While Y&R is a global network of agencies, each spoke in the hub tends to act as its own boutique, says Diaz. There was no directive from on high to restructure the agency wholesale, and he describes the changes he’s made as a local initiative.
Susan Murray, EVP and chief marketing officer, Y&R, says the agency’s way of thinking about organizational structure swung like a pendulum over the past two decades. “The silo approach may have a place at some agencies today but I don’t think it’s the optimal approach for us,” she says. When teams started showing up at clients’ offices with both digital and creative account people as well as regular and digital creatives, she says “it began to get silly.”

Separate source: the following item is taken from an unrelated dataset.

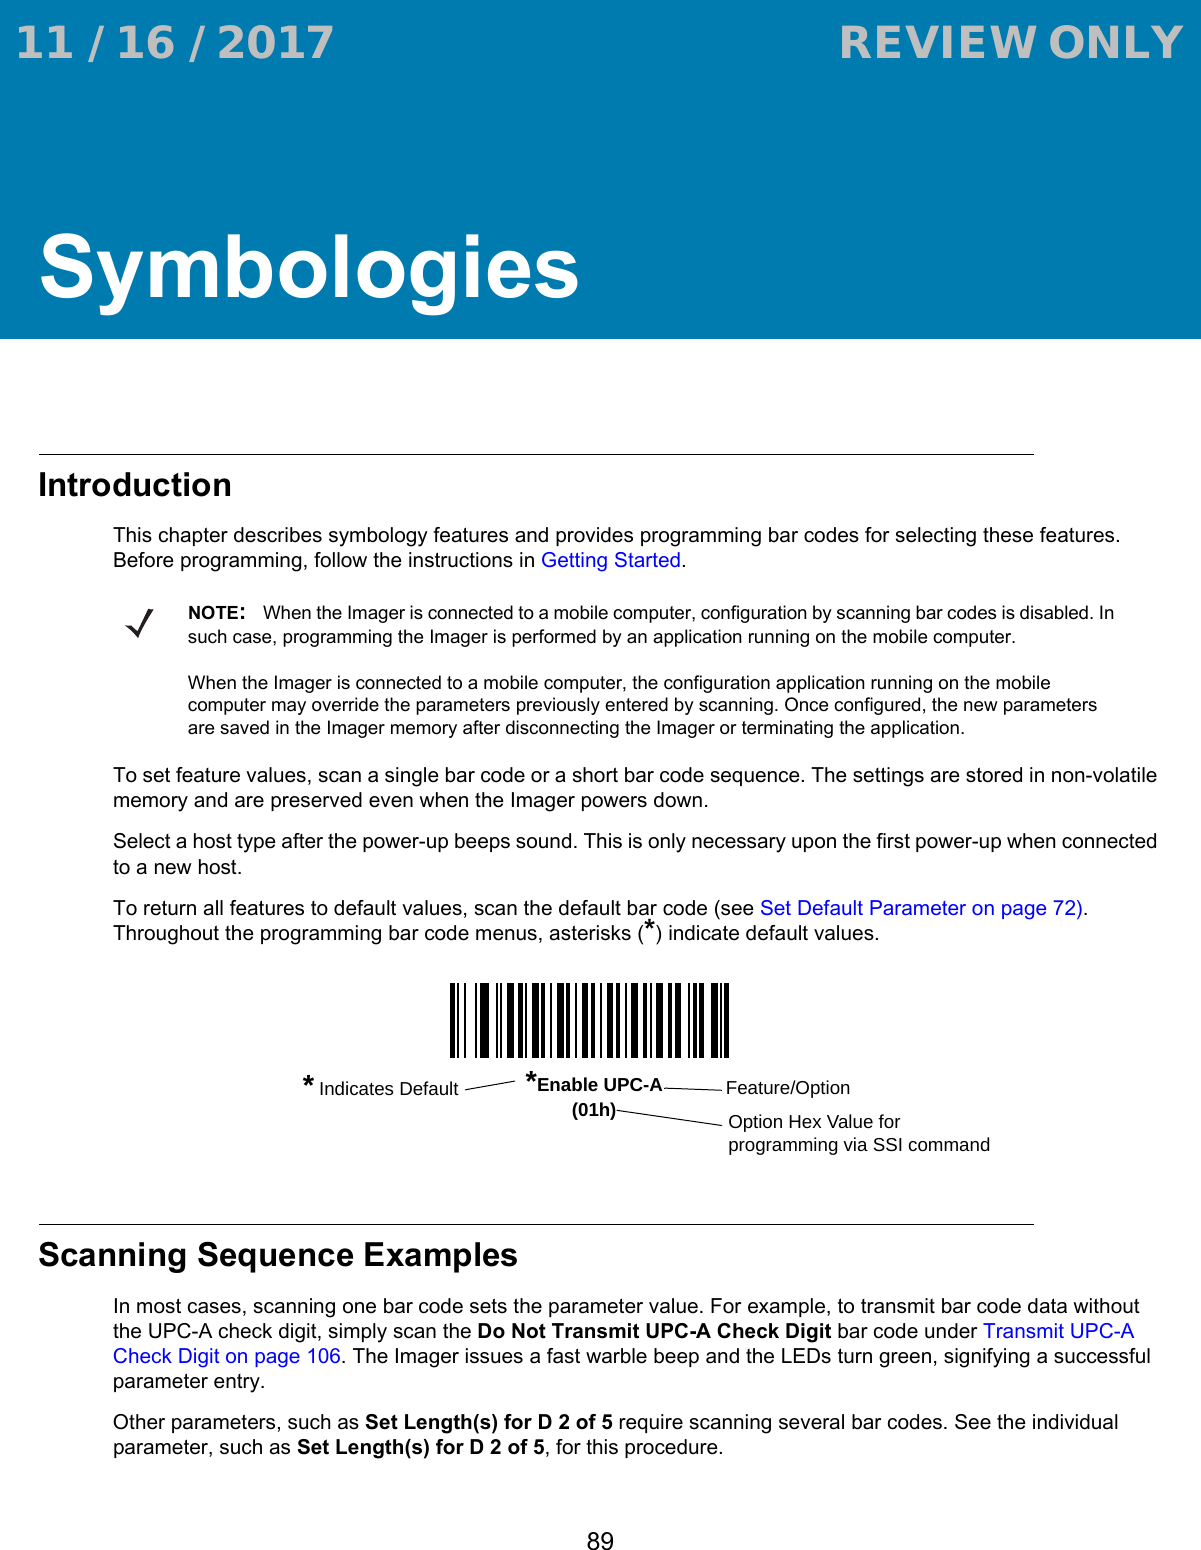 89SymbologiesIntroductionThis chapter describes symbology features and provides programming bar codes for selecting these features. Before programming, follow the instructions in Getting Started.To set feature values, scan a single bar code or a short bar code sequence. The settings are stored in non-volatile memory and are preserved even when the Imager powers down.Select a host type after the power-up beeps sound. This is only necessary upon the first power-up when connected to a new host.To return all features to default values, scan the default bar code (see Set Default Parameter on page 72). Throughout the programming bar code menus, asterisks (*) indicate default values.Scanning Sequence ExamplesIn most cases, scanning one bar code sets the parameter value. For example, to transmit bar code data without the UPC-A check digit, simply scan the Do Not Transmit UPC-A Check Digit bar code under Transmit UPC-A Check Digit on page 106. The Imager issues a fast warble beep and the LEDs turn green, signifying a successful parameter entry.Other parameters, such as Set Length(s) for D 2 of 5 require scanning several bar codes. See the individual parameter, such as Set Length(s) for D 2 of 5, for this procedure.NOTE:When the Imager is connected to a mobile computer, configuration by scanning bar codes is disabled. In such case, programming the Imager is performed by an application running on the mobile computer. When the Imager is connected to a mobile computer, the configuration application running on the mobile computer may override the parameters previously entered by scanning. Once configured, the new parameters are saved in the Imager memory after disconnecting the Imager or terminating the application.*Enable UPC-A(01h) Feature/Option* Indicates DefaultOption Hex Value for programming via SSI command 11 / 16 / 2017                                  REVIEW ONLY                             REVIEW ONLY - REVIEW ONLY - REVIEW ONLY

“We did some physical changes [last year] and took out many workstations and created a big common area and got a couple of tables that are made of old bowling alleys that can be wheeled around. We also put in stadium seating like you would see in a gymnasium,” says Murray “Everybody is encouraged to gather there and vet things at the table.” At Y&R, why sit around a boardroom when you can sit on bleachers?
Murray says Y&R used the new philosophy (relying heavily on collaboration) earlier this year in building a successful pitch for part of Pfizer’s Canadian nutritional and vitamin business – the brands Centrum and Caltrate.
Like Cossette, Toronto’s Draftfcb chose to culminate their integration odyssey with a physical move. After a global restructuring in 2006 that merged Draft (a direct mail shop) and FCB (which traces its roots back to the world’s third oldest ad agency, and “the father of modern advertising” Albert Lasker) into one, locally the agency has moved towards integration and breaking down physical barriers. Alongside its sister-firm Rivet, the agency settled into new premises in Toronto’s Liberty Village neighbourhood in April.
Restored from an old General Electric light bulb factory, the space is designed around both agencies’ integrated operating models with an open-plan concept that encourages interaction between teams.
“We are an integrated agency with all the disciplines under one roof. We have a model that has no silos or profit centres, so it became a challenge to work this way in our previous space consisting of hallways and closed-off offices,” says John Boniface, chief operating officer, Draftfcb. “We now have our entire creative and production services group and planning on one floor with the intention of increasing collaboration.”
Whether it’s easing clients’ woes or boosting creativity, Diaz acknowledges that many agencies now boast about running fully integrated shops, but that the reality can be quite different. “I know integration is the buzzword that’s been around for a little while,” he says. “But I think everyone is struggling to find the right way to configure their shop to adapt to what’s happening out there.”